Diagnosis and Management of Opioid-induced Bowel Dysfunction in Patients with Advanced Cancer

Amanda Fredericks, BA, Genevieve Hollis, MSN, CRNP, AOCN, ANP-BC; Carrie Tompkins Stricker, PhD, RN


Clin J Oncol Nurs. 2010;14(6):701-704. 

In This Article

Abstract and Introduction


Opioid-induced bowel dysfunction (OBD) is characterized by a constellation of symptoms, including constipation; dry, hard stools; straining; and incomplete evacuation. The use of a prophylactic bowel regimen that includes a stimulant laxative and stool softener generally is accepted and should be initiated at the start of opioid therapy. Effective prevention and treatment of OBD reduce the risk of associated physiologic complications and can improve pain management and quality of life for patients and their families.

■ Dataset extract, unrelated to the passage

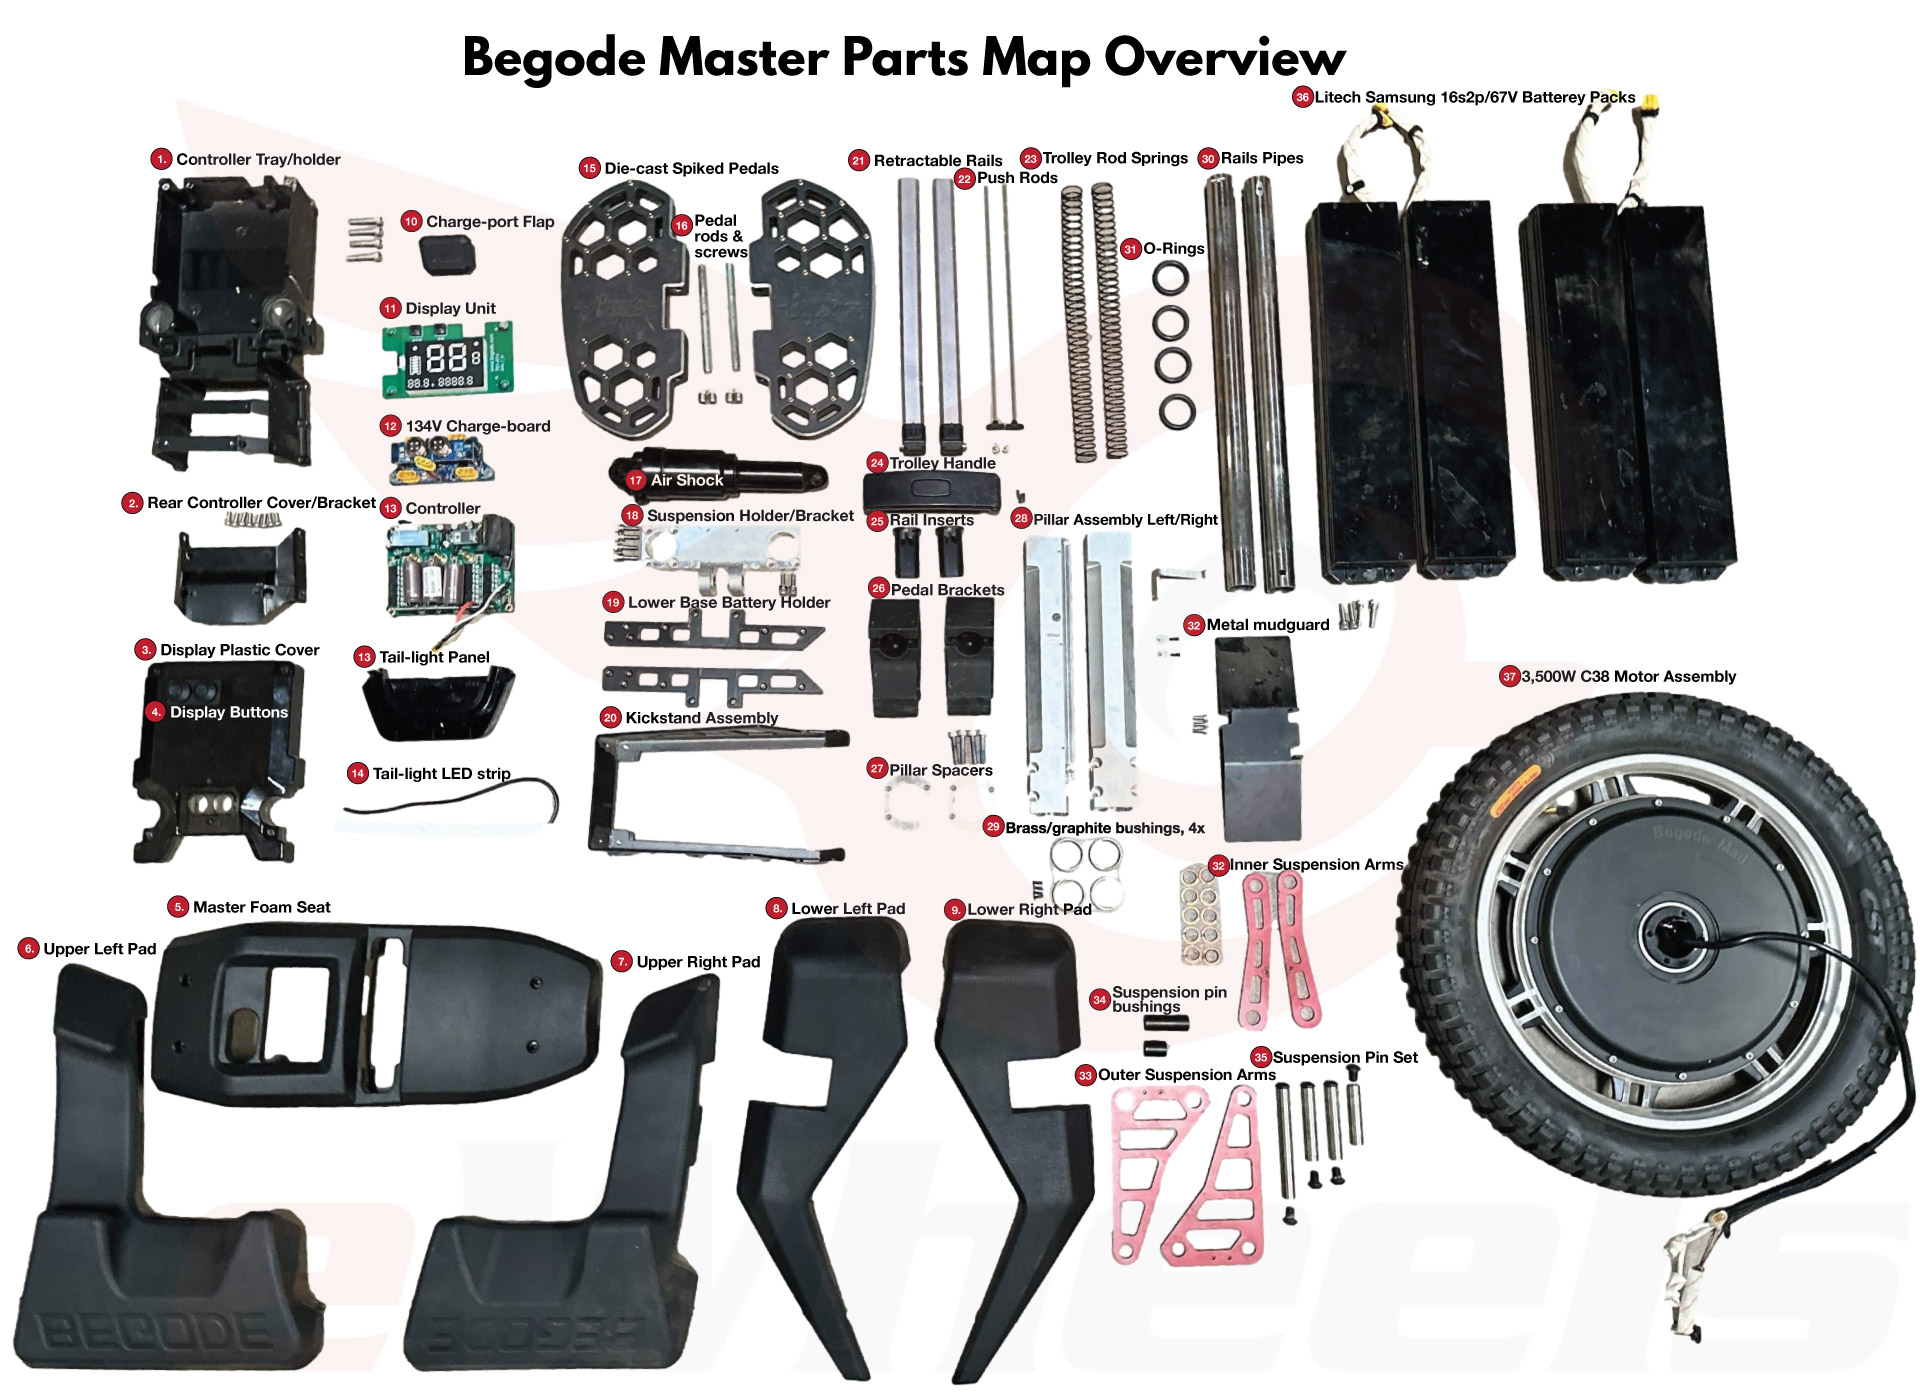 Begode Master Parts Map Overview

Opioid-induced bowel dysfunction (OBD) is a clinical syndrome characterized by slowed gastrointestinal motility (Thomas, 2008) that occurs in up to 90% of patients with advanced cancer receiving opioids (Sykes, 1998). Its predominant symptom, constipation, is defined as less than three defecations per week (or change from usual pattern), or the subjective symptom of difficult, infrequent, or incomplete passage of stool (McMillan, 2004; Reville, Axelrod, & Maury, 2009). OBD includes a constellation of gastrointestinal symptoms (see Figure 1); as a result, distinguishing OBD from other conditions can be difficult. In addition to being challenging to treat, the syndrome poses the risk for serious medical complications and can negatively impact pain management and quality of life (Bell et al., 2009).

Figure 1.

Clinical Symptoms of Opioid-Induced Bowel Dysfunction
Note. Based on information from Kurtz & Sessler, 2003; Neyens & Jackson, 2007.